Costas Sarris received a Ph.D.  in Electrical Engineering and a M.Sc. in Applied Mathematics from the University of Michigan-Ann Arbor. He is a Professor with the Department of Electrical and Computer Engineering, University of Toronto. His research area is computational electromagnetics, with an emphasis on time-domain modeling. He also works on physics-based wireless propagation models (with full-wave, asymptotic, and hybrid techniques), uncertainty quantification, and scientific machine learning.

Dr.
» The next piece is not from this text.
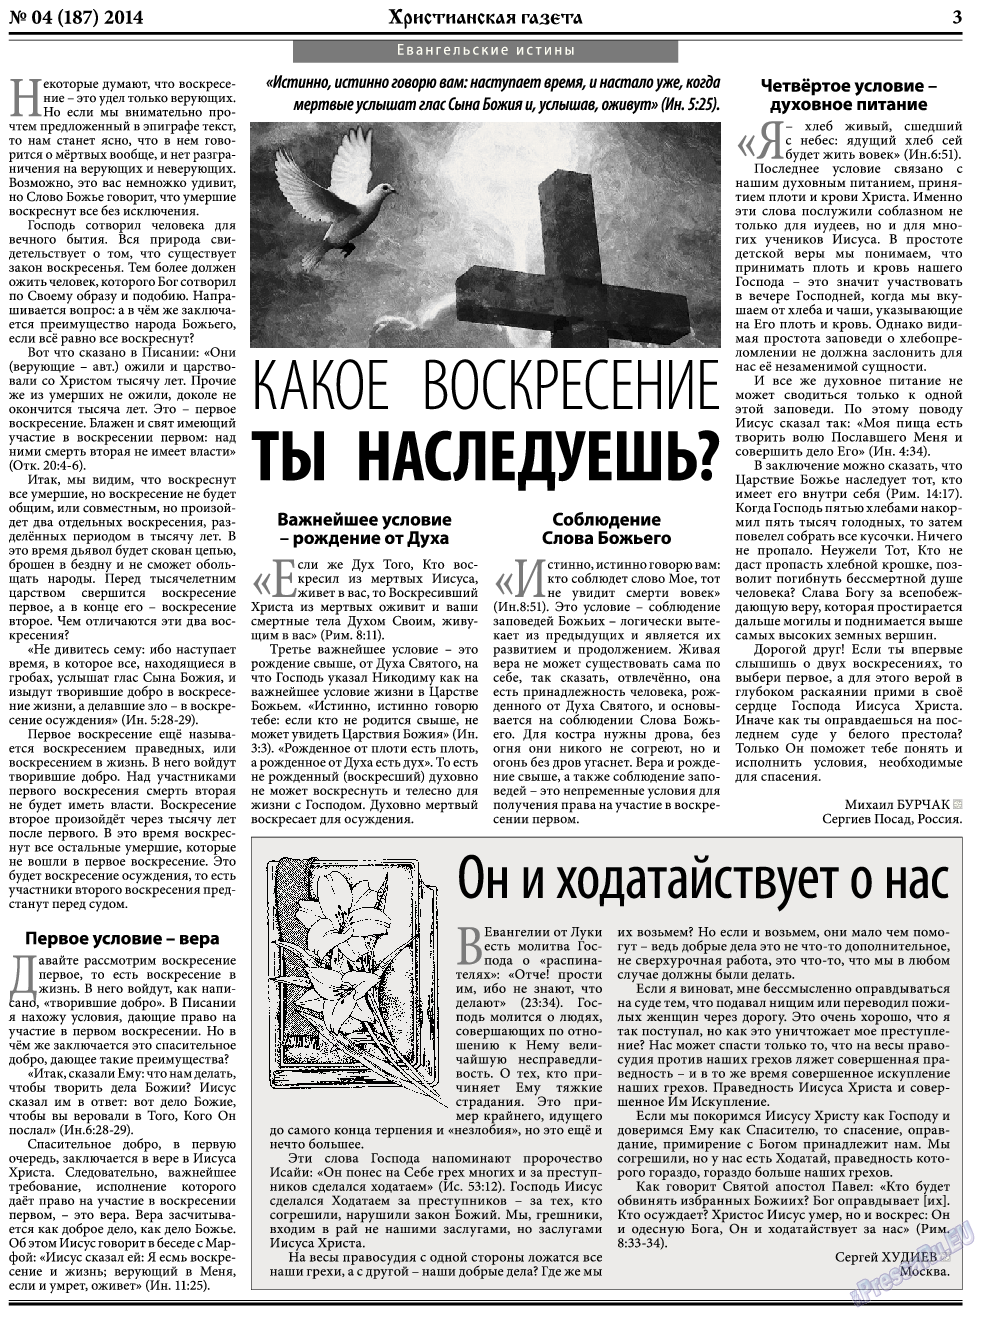 Христианская газета, газета. 2014 №4 стр.3

Sarris is an IEEE Fellow and a Distinguished Lecturer of the IEEE Antennas and Propagation Society for 2024-2026. He was a recipient of the 2021 Premium Award for Best Paper in IET Microwaves, Antennas & Propagation, and the IEEE MTT-S Outstanding Young Engineer Award in 2013. He was the TPC Chair of the 2015 IEEE AP-S International Symposium on Antennas and Propagation and the CNC/USNC Joint Meeting, the 2019 and 2023 MTT-S Numerical Electromagnetics, Multiphysics and Optimization (NEMO) Conference, the TPC Vice-Chair of the 2012 IEEE MTT-S International Microwave Symposium, and the Chair of the MTT-S Technical Committee on Field Theory and Numerical Electromagnetics (2018–2020). In 2019-2024, he was the Editor-in-Chief of the IEEE JOURNAL ON MULTISCALE AND MULTIPHYSICS COMPUTATIONAL TECHNIQUES.